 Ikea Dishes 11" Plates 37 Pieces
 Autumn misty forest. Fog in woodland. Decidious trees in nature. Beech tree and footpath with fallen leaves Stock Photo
==
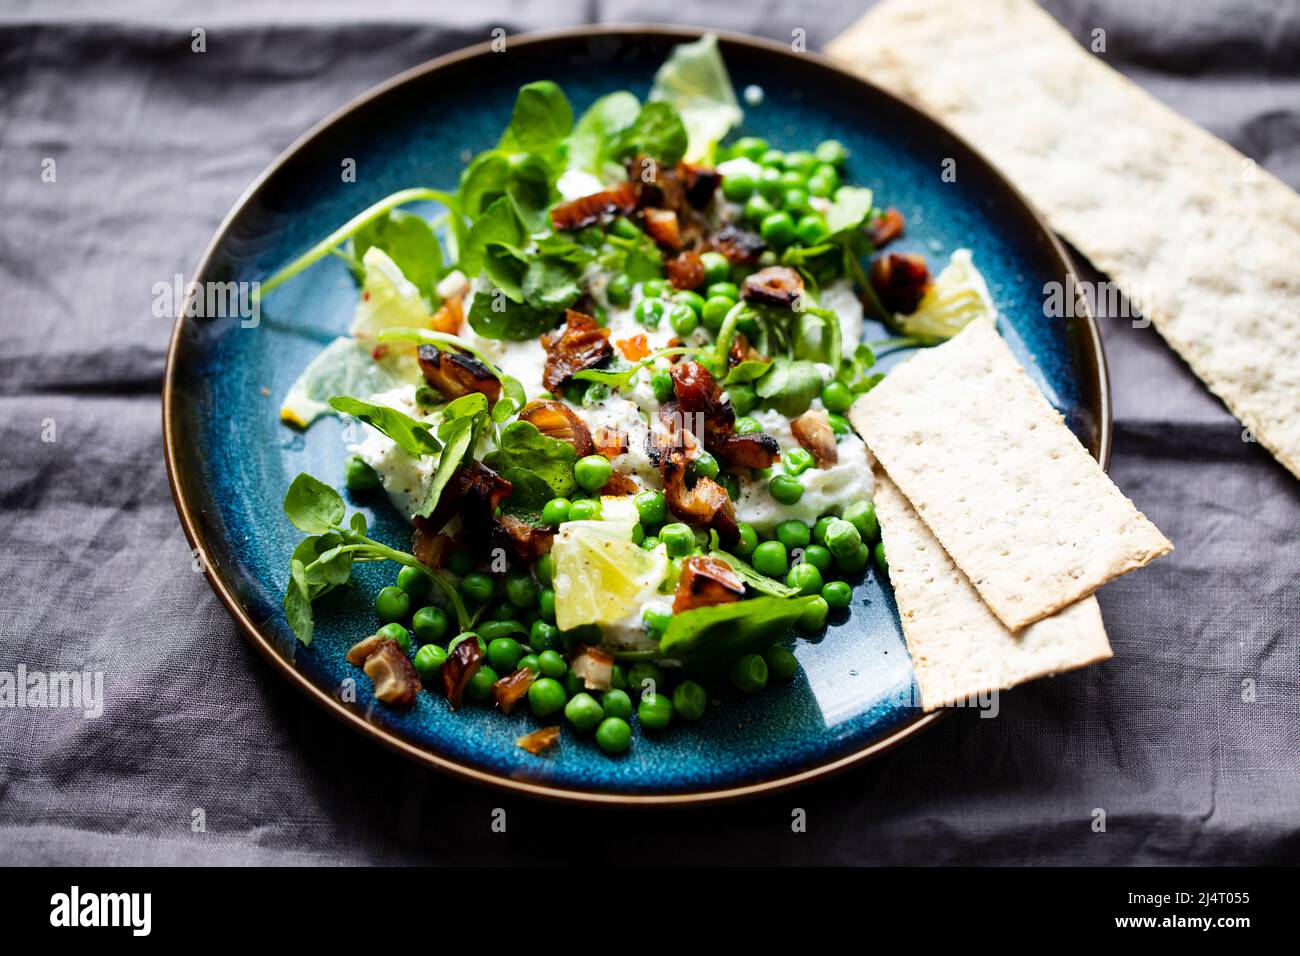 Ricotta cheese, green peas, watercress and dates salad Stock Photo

● **What needs to be done**:
Above is a listing; print exactly its lines from the one with "Plates 37 Pieces" through the one with "Autumn misty forest.", and no other lines.

● **Your response**:
 Ikea Dishes 11" Plates 37 Pieces
 Autumn misty forest. Fog in woodland. Decidious trees in nature. Beech tree and footpath with fallen leaves Stock Photo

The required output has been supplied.